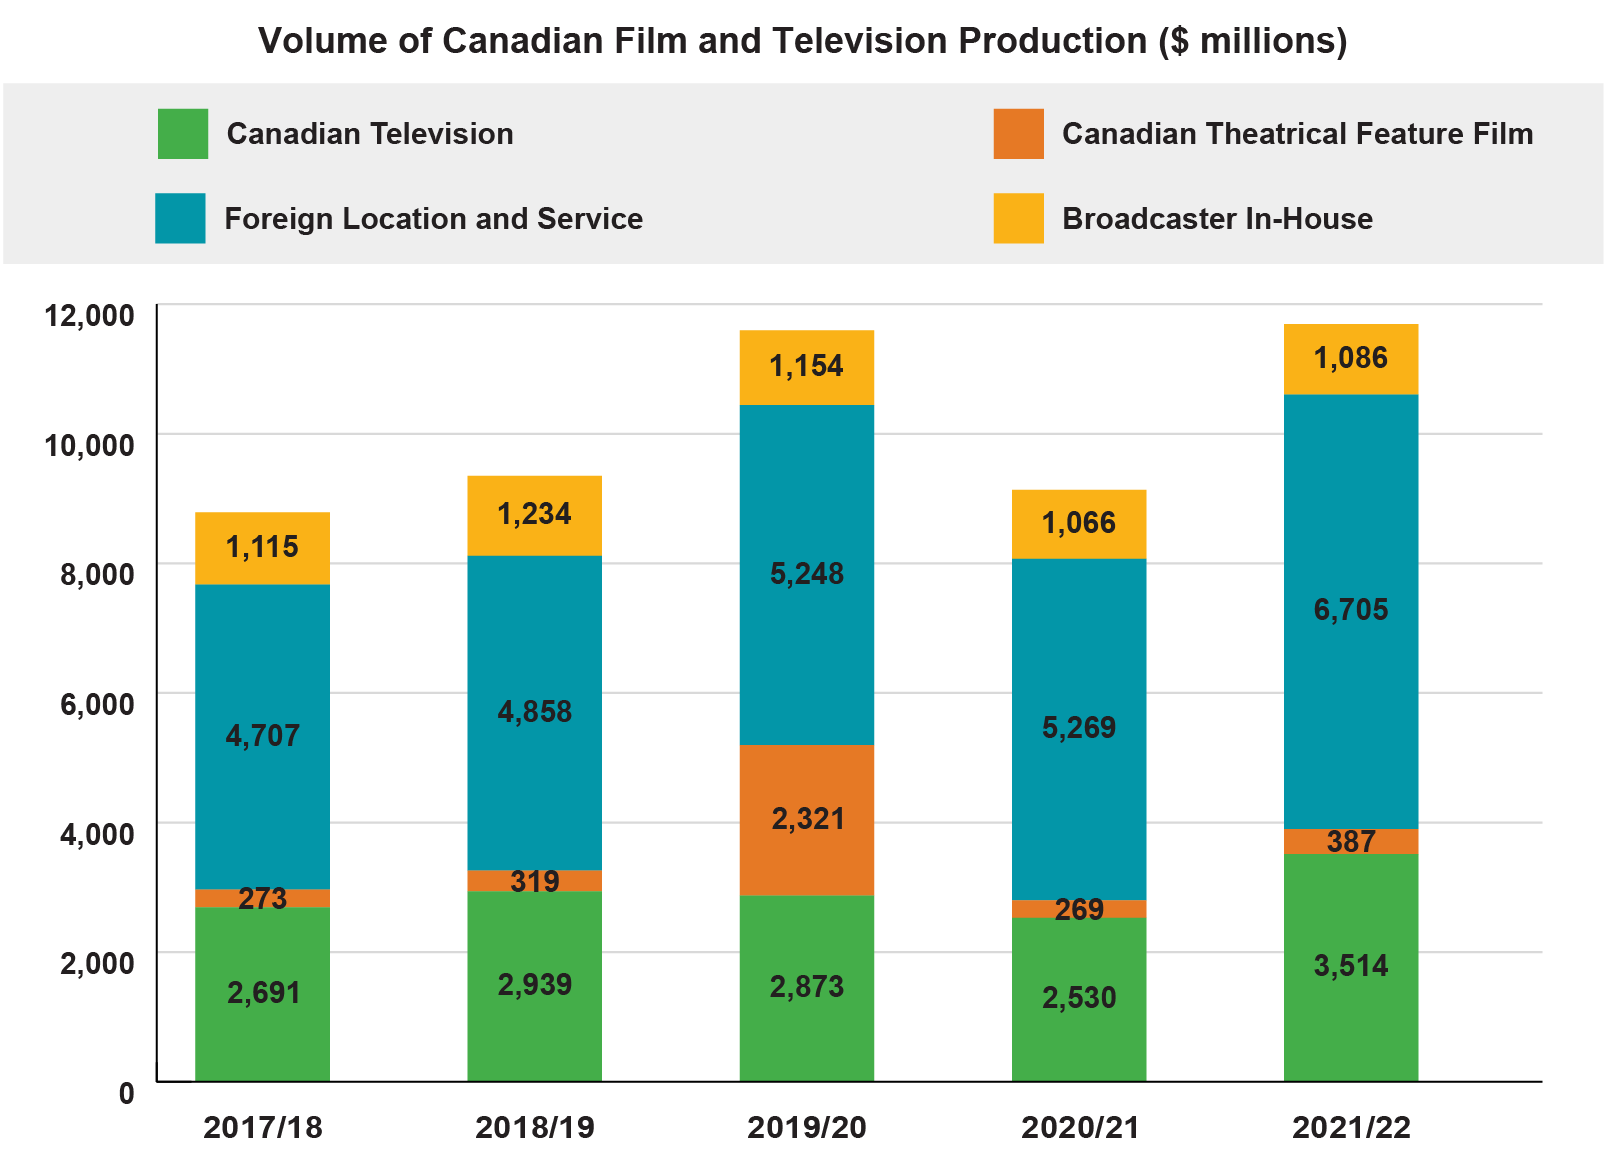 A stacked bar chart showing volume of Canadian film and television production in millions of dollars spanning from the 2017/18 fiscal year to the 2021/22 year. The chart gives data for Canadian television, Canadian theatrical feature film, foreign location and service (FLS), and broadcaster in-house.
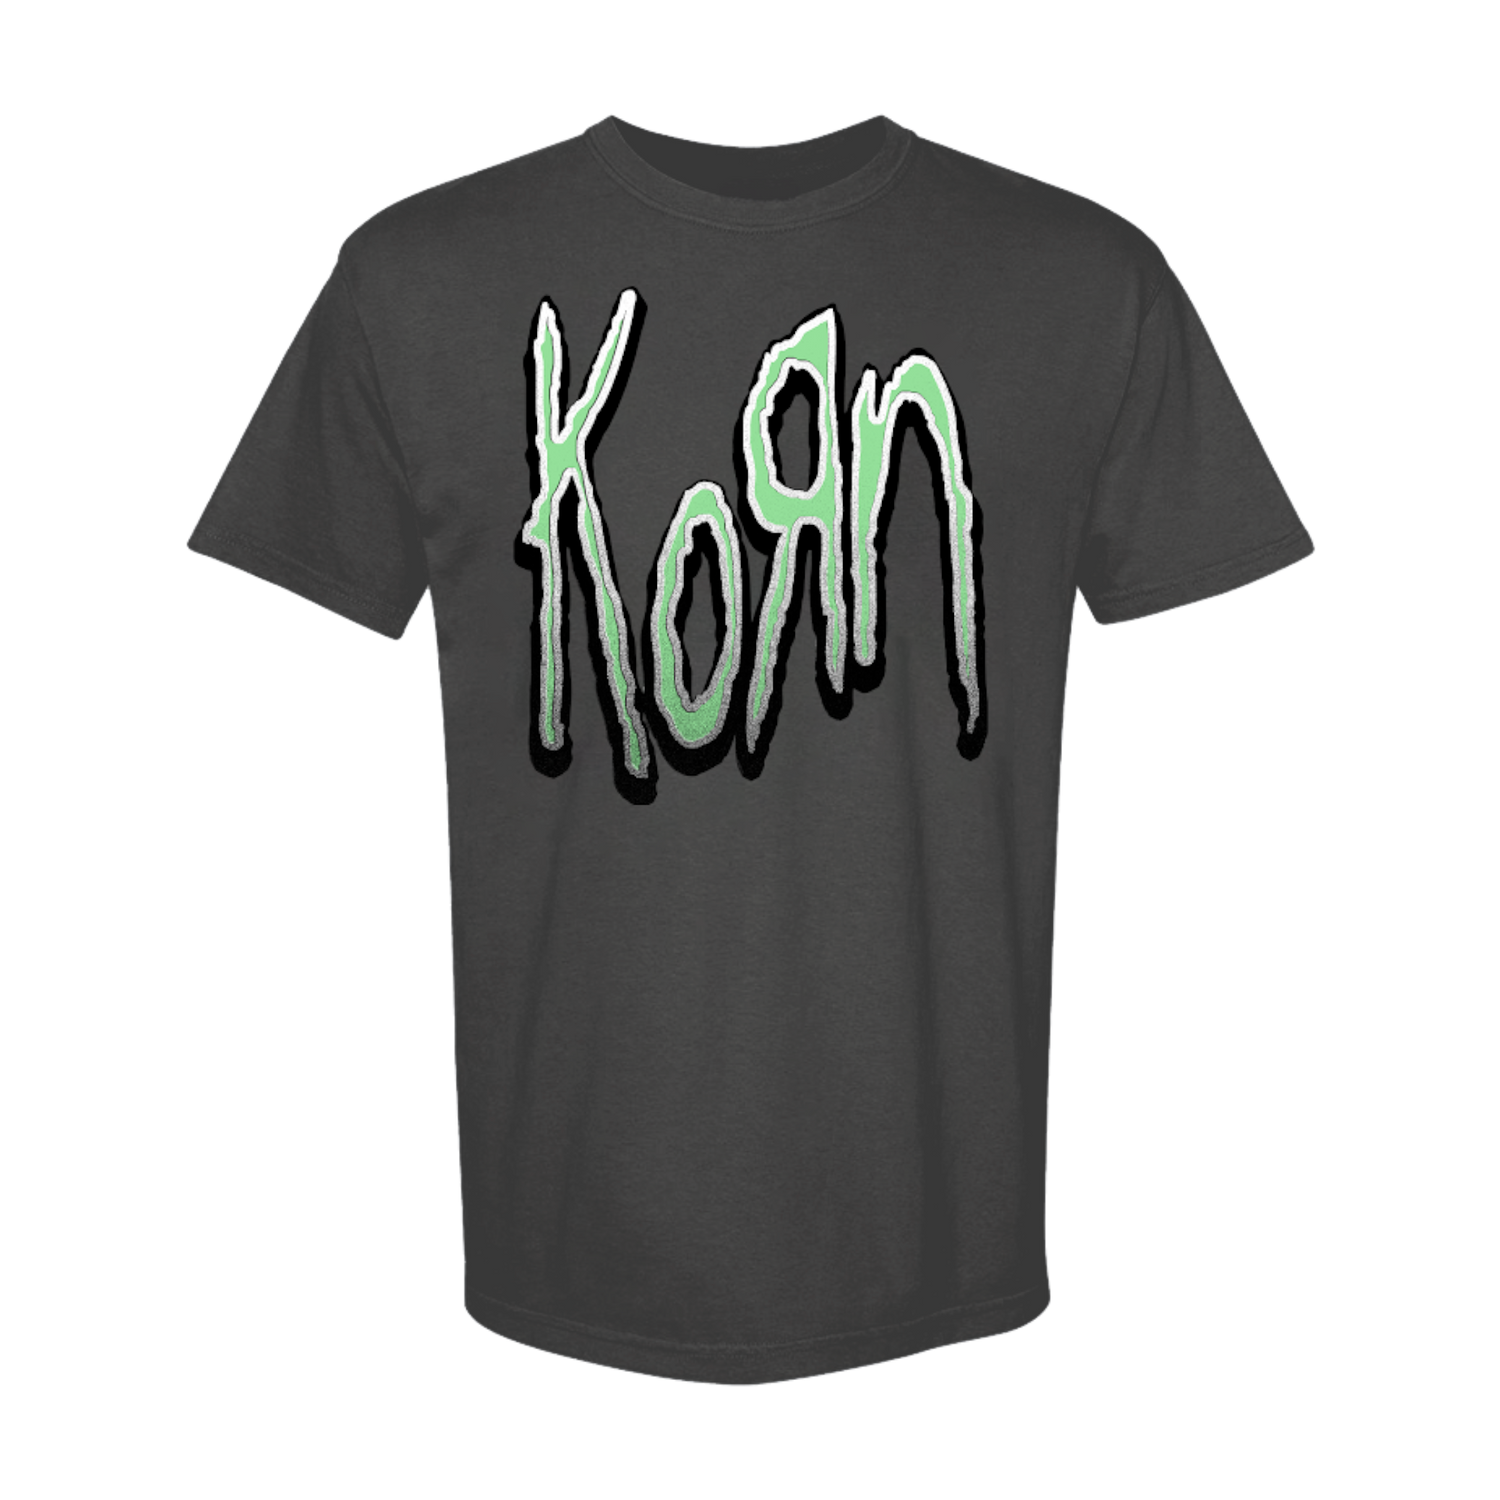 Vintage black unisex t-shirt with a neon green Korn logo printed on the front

★ ★ ★ ★

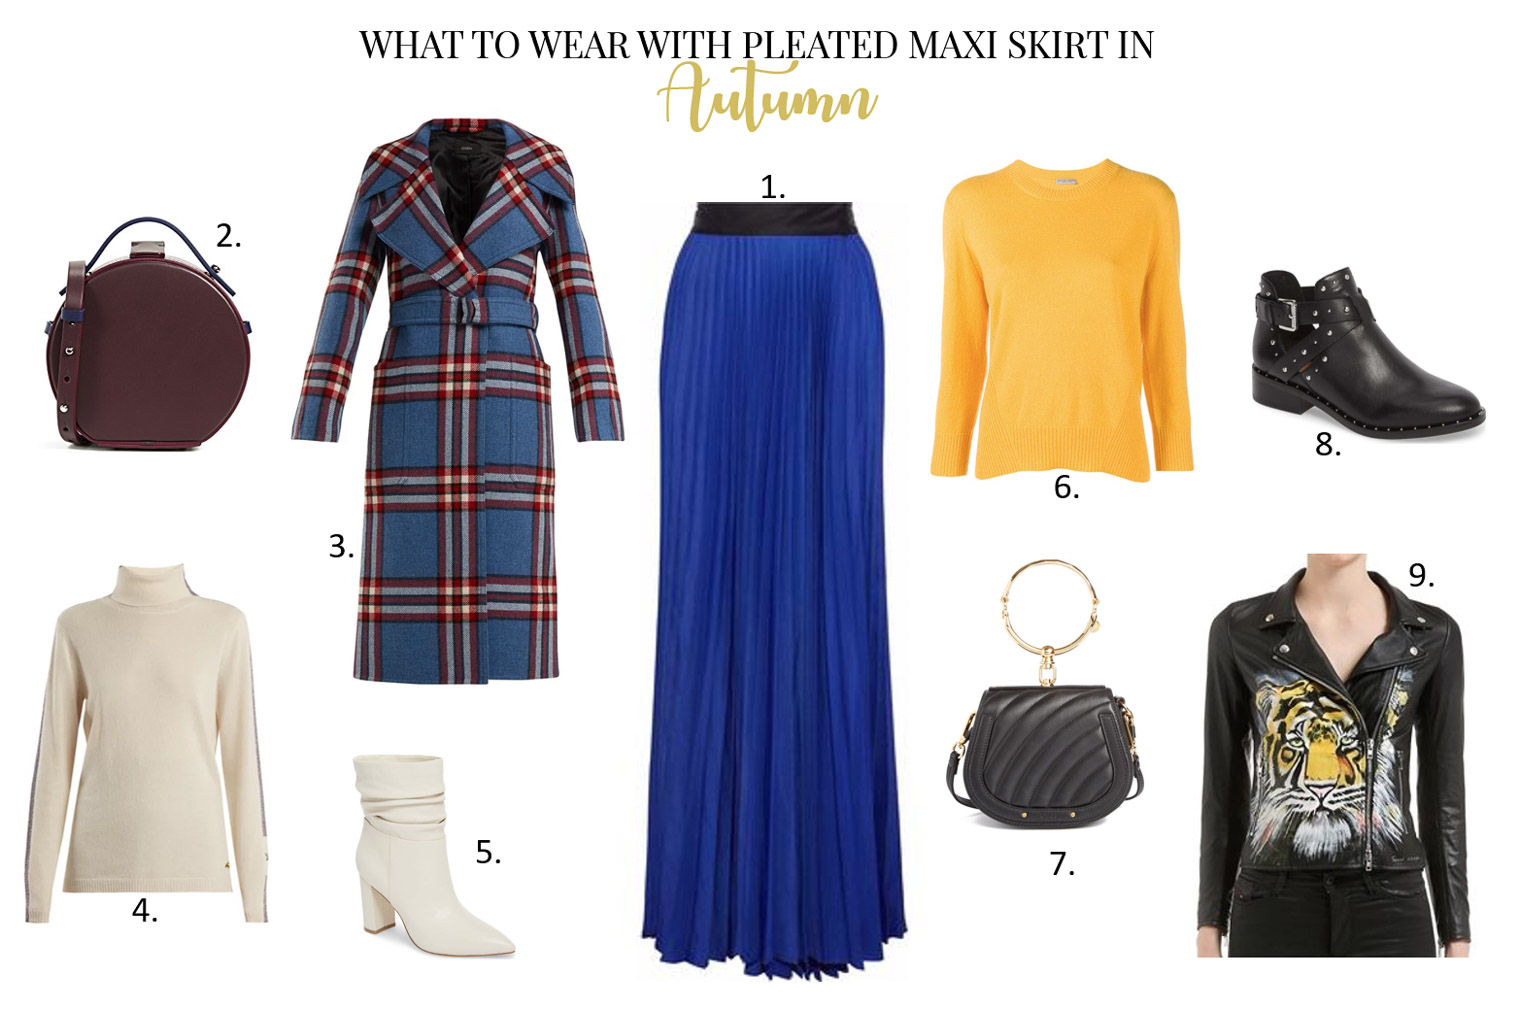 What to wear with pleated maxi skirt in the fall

★ ★ ★ ★

Task statement: An exact transcription is needed of the lines from the one with "A stacked bar" to the one with "Vintage black unisex" above, both ends included, with pictures left out.

Result for this task:
 A stacked bar chart showing volume of Canadian film and television production in millions of dollars spanning from the 2017/18 fiscal year to the 2021/22 year. The chart gives data for Canadian television, Canadian theatrical feature film, foreign location and service (FLS), and broadcaster in-house.
 Vintage black unisex t-shirt with a neon green Korn logo printed on the front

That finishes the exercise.